There are many reasons why our churches are greying and emptying. Conservatives attribute it to the intoxicating power of secularity, to a pampered culture that has lost its sense of self-sacrifice, to rampant individualism, to the sexual revolution, and to an adolescent grandiosity in the adult children of the Enlightenment. Liberals suggest other reasons: People are treating their churches the way they treat their families and, today, family life has broken down in Western culture, little wonder the church is struggling. They point too to what they see as a church out-of-step with the culture, a church too rigid, too patriarchal, too much perceived as anti-life, anti-erotic, too much consumed with its own agenda.
There’s some truth in all these assertions, but I’d like to suggest another reason: We’ve lost a romantic ideal for our faith and church lives. We’ve no idealistic fire left. We’ve subjected faith, religion, and church to a scorching exorcism and have not yet moved on, to restore to them again their angels, their proper light, their beauty. We need to re- romanticize faith, religion, and church and give people something beautiful with which to fall in love.
And to do this, we need more than good theology and good pastoral programs. Good theology stimulates and inflames the intellect. Thomas Aquinas and Bernard Lonergan would add that it also helps move the will. Love needs vision.
Thus, the Christian community is always in need of good academic theology. As history shows, every time the church has compromised on its intellectual tradition, seeing it as unimportant, it has paid a heavy price. Good, solid, academic theology is perennially the great corrective within church life and spirituality. Without it we lose balance.
Recently we’ve been blessed with an abundance of good theology. It’s hardly the academy of theology that is weak at the present time. The last thirty to forty years have produced (literally) libraries of wonderful books on scripture, church history, liturgy, dogmatics, moral theology, spirituality, and pastoral practice. We’re not lacking for solid ideas.
What we’re lacking is fire, romance, aesthetics, as these pertain to our faith and ecclesial lives. What needs to be inflamed today inside religion is its romantic imagination and this is not so much the job of the theologian as it is the job of the saint and the artist. We need great saints and great artists, ideally inside the same person.
We see this, for instance, in Francis of Assisi. Francis was not a great theologian by the standards of the academy of theology and it was not his insights as a theologian that so moved history and transformed Christianity. He does not have major cities named after him and more than 300 congregations of men and women trying to live out his charism because of the books he wrote. His greatness lay in his sanctity and in his art and in the particular way he brought those together. It was as a saint and artist that he was able to inflame the romantic imagination of the church and the world. When he took off his clothes and walked naked out of Assisi, he wasn’t preaching from a pulpit, lecturing from a university podium, or writing a book. He was making an aesthetic, saintly gesture, and that gesture, complete with the commitment he made afterwards to back it up, helped restructure the romantic imagination of Christianity and the world in general. Seven hundred years later, his gesture and his life still speak. Such is the power of great saints and great artists.

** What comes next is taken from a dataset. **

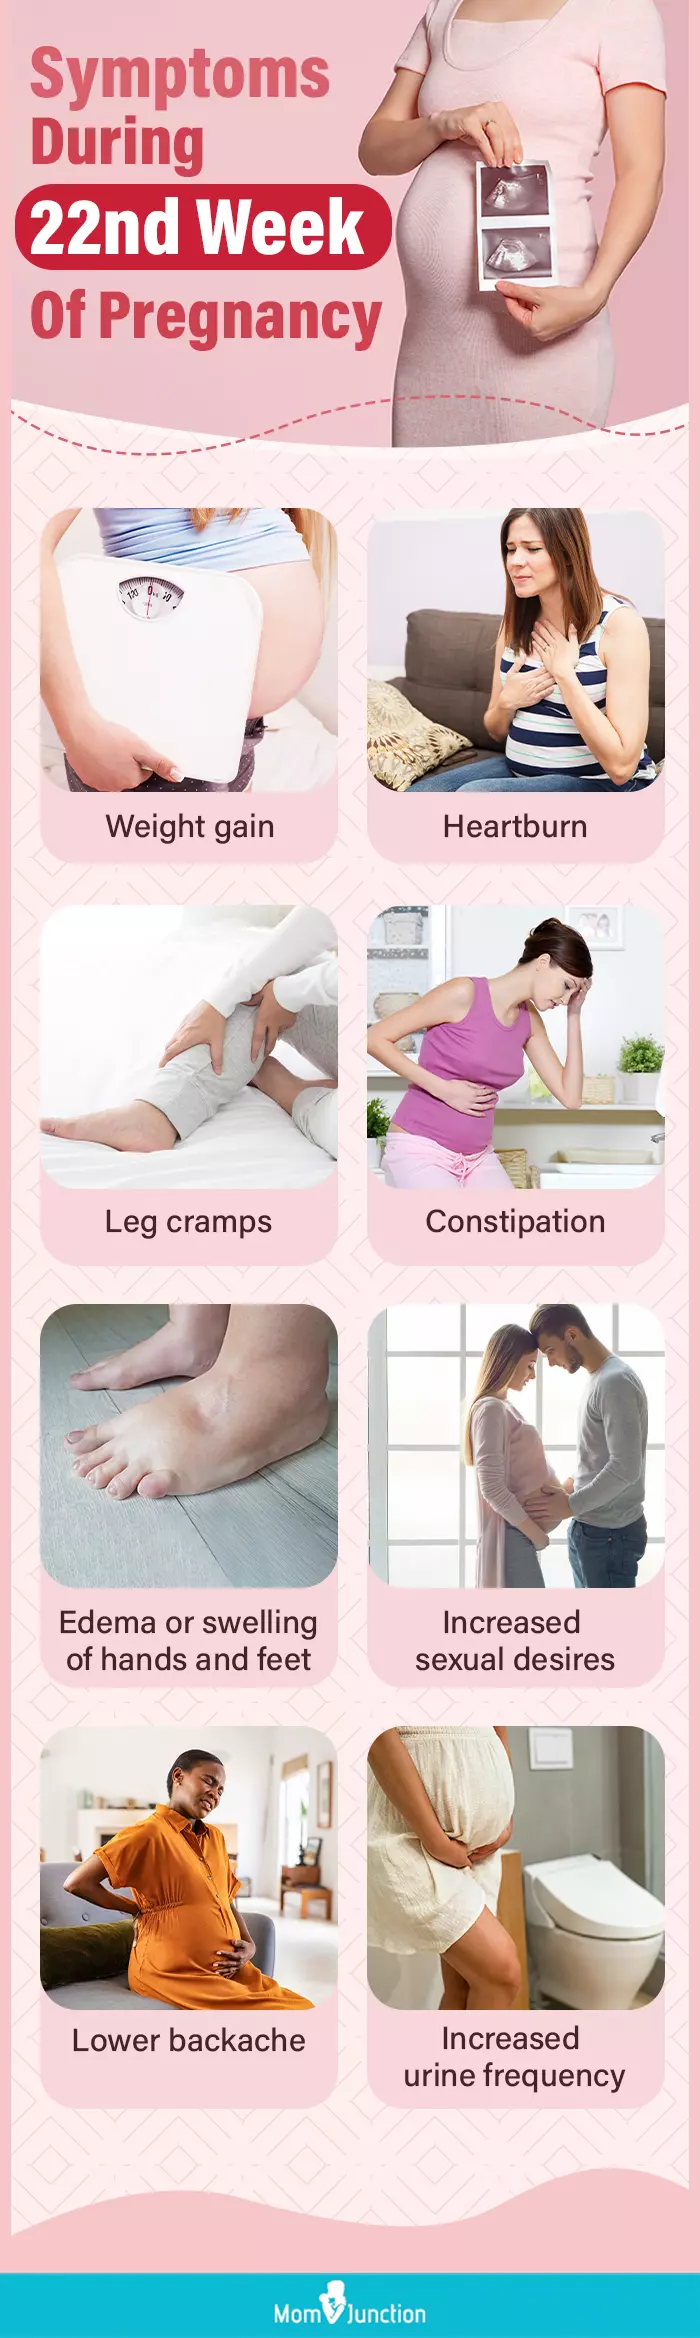 symptoms during 22nd week of pregnancy (infographic)
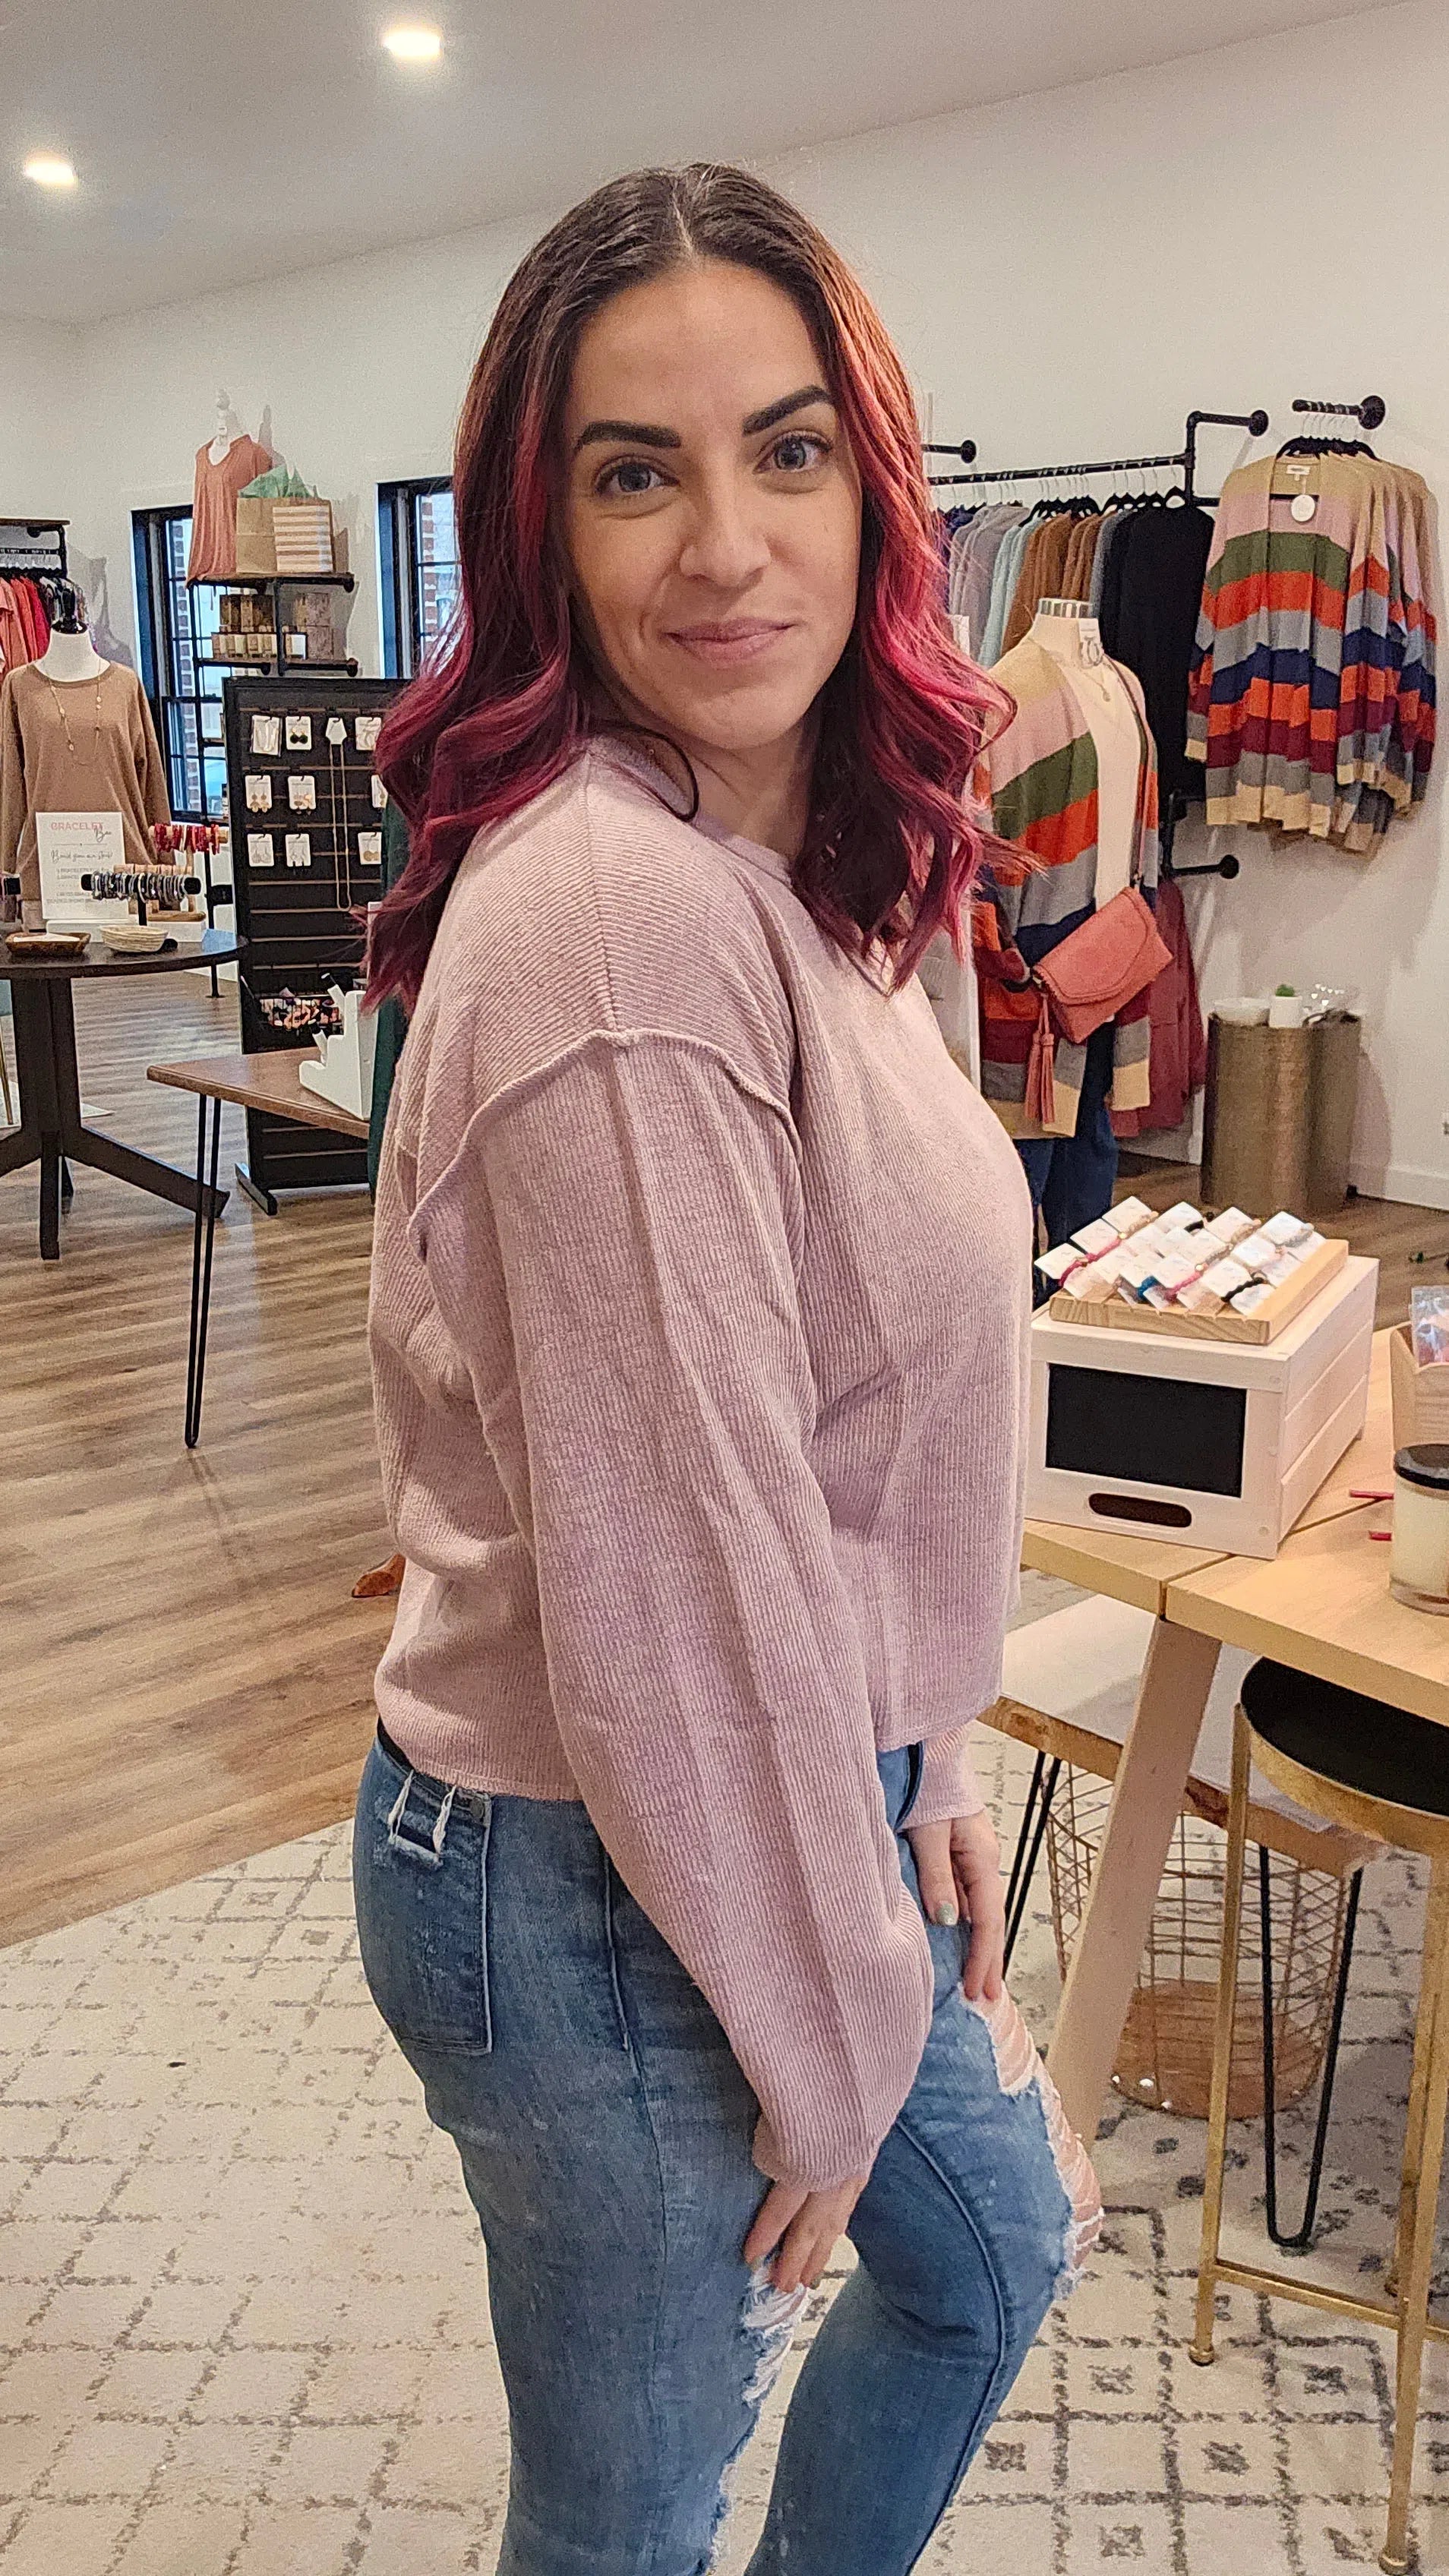 Shop Kayte V-Notch Top-Shirts & Tops at Ruby Joy Boutique, a Women's Clothing Store in Pickerington, Ohio

We see this too, though to a lesser extent, in the effect of great works of religious art. Take, for example, the painting of the last supper by Leonardo di Vinci: Nobody today cannot not picture the last supper as he painted it, even though scholars agree that Jesus and his disciples at table would not have looked anything like his imaginative depiction of it. But one great artist and one great painting can permanently brand itself into the imagination.
It is this, saints and gospel-art, that we most need to revitalize our faith and our churches today. Generally speaking, the theologians are doing their part and so too are diocesan and parish programs. But solid ideas and solid programs alone are not enough. They need to be backed by saints and artists in way that can re-inflame the romantic imagination. We need a new Francis, a new Clare, a new Augustine, a new John of the Cross, a new Therese of Lisieux.
Intellectuals and artists come at conversion from different sides: Bernard Lonergan, a great intellectual, used to say: “Conversion begins in the intellect”; Morris West, a great novelist, used to say: “All miracles begin with falling in love!” I doubt they ever met, but I’ve no doubt they would have respected each other because both are right. Without vision the heart doesn’t know where to go; but, without romantic fire it doesn’t want to go anywhere, least of all to church.